Try it:
Once the line containing "Cover Bohemian Decor" has been written out, stop; until then, restate each line of the entries below word for word from the first.

(Stored items from a collection)

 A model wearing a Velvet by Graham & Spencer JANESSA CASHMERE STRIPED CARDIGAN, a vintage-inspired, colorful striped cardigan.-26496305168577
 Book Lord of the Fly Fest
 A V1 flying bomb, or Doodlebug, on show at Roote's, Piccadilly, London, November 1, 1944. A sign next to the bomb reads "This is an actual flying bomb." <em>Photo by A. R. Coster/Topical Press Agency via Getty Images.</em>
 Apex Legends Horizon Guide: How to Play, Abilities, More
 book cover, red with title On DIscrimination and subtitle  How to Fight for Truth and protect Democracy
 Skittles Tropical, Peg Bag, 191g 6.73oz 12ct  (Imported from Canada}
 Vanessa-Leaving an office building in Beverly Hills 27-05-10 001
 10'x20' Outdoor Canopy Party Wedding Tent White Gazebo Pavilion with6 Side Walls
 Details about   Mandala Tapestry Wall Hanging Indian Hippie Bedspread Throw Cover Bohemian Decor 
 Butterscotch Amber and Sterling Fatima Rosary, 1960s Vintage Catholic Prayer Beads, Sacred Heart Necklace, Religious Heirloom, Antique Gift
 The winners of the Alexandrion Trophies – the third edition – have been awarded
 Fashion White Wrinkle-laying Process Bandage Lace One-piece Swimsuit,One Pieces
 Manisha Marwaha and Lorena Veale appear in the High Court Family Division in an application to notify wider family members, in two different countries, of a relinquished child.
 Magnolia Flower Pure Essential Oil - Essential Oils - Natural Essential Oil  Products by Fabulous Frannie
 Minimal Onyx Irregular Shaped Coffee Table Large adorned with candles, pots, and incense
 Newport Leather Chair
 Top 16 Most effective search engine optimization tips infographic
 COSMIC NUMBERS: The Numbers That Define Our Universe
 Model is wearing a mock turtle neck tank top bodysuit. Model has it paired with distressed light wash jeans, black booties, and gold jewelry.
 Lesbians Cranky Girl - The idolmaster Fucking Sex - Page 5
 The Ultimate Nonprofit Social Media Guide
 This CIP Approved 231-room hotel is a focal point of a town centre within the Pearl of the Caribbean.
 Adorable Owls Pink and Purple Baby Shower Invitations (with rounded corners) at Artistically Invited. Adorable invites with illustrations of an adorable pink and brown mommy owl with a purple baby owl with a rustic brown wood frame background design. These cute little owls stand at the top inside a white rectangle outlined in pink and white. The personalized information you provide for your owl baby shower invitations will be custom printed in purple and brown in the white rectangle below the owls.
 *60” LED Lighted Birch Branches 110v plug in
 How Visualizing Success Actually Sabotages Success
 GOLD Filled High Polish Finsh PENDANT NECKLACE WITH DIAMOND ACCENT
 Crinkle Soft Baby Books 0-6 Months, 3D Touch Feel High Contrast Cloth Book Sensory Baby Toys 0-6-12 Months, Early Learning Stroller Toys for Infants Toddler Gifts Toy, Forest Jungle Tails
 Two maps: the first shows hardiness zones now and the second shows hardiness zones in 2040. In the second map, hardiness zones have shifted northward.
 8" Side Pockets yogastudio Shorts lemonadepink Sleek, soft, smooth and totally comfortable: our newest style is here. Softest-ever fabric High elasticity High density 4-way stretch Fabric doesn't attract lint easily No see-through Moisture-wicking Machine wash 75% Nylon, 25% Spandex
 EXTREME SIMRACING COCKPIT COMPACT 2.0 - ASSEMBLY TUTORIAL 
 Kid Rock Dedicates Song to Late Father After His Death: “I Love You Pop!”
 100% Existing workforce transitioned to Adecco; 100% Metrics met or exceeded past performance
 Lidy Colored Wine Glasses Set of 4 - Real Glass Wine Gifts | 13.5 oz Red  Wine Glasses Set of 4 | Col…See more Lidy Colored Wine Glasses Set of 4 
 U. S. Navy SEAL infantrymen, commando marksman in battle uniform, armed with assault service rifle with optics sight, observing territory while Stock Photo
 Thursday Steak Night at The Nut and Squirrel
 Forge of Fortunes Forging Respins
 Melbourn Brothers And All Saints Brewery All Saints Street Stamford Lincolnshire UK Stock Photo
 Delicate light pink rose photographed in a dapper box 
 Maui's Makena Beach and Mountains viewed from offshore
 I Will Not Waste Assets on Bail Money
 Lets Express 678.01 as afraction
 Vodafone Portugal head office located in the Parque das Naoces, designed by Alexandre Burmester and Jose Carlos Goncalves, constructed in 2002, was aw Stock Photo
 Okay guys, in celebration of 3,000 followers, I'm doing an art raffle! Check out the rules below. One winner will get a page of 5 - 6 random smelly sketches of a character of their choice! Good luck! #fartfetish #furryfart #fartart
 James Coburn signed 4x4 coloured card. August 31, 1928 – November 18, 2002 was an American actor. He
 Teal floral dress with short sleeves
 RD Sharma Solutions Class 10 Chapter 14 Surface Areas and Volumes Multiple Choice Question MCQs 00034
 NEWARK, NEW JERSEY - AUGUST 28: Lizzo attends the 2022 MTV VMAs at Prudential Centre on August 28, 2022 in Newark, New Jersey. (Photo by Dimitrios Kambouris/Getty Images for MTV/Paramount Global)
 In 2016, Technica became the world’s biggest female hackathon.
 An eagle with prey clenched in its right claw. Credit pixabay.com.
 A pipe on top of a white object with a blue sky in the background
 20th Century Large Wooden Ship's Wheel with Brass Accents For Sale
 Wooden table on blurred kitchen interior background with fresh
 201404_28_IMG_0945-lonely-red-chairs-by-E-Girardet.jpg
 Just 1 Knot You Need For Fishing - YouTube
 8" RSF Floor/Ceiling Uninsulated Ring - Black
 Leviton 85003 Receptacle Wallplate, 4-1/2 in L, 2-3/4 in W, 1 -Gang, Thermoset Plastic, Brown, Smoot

Answer space:
 A model wearing a Velvet by Graham & Spencer JANESSA CASHMERE STRIPED CARDIGAN, a vintage-inspired, colorful striped cardigan.-26496305168577
 Book Lord of the Fly Fest
 A V1 flying bomb, or Doodlebug, on show at Roote's, Piccadilly, London, November 1, 1944. A sign next to the bomb reads "This is an actual flying bomb." <em>Photo by A. R. Coster/Topical Press Agency via Getty Images.</em>
 Apex Legends Horizon Guide: How to Play, Abilities, More
 book cover, red with title On DIscrimination and subtitle  How to Fight for Truth and protect Democracy
 Skittles Tropical, Peg Bag, 191g 6.73oz 12ct  (Imported from Canada}
 Vanessa-Leaving an office building in Beverly Hills 27-05-10 001
 10'x20' Outdoor Canopy Party Wedding Tent White Gazebo Pavilion with6 Side Walls
 Details about   Mandala Tapestry Wall Hanging Indian Hippie Bedspread Throw Cover Bohemian Decor 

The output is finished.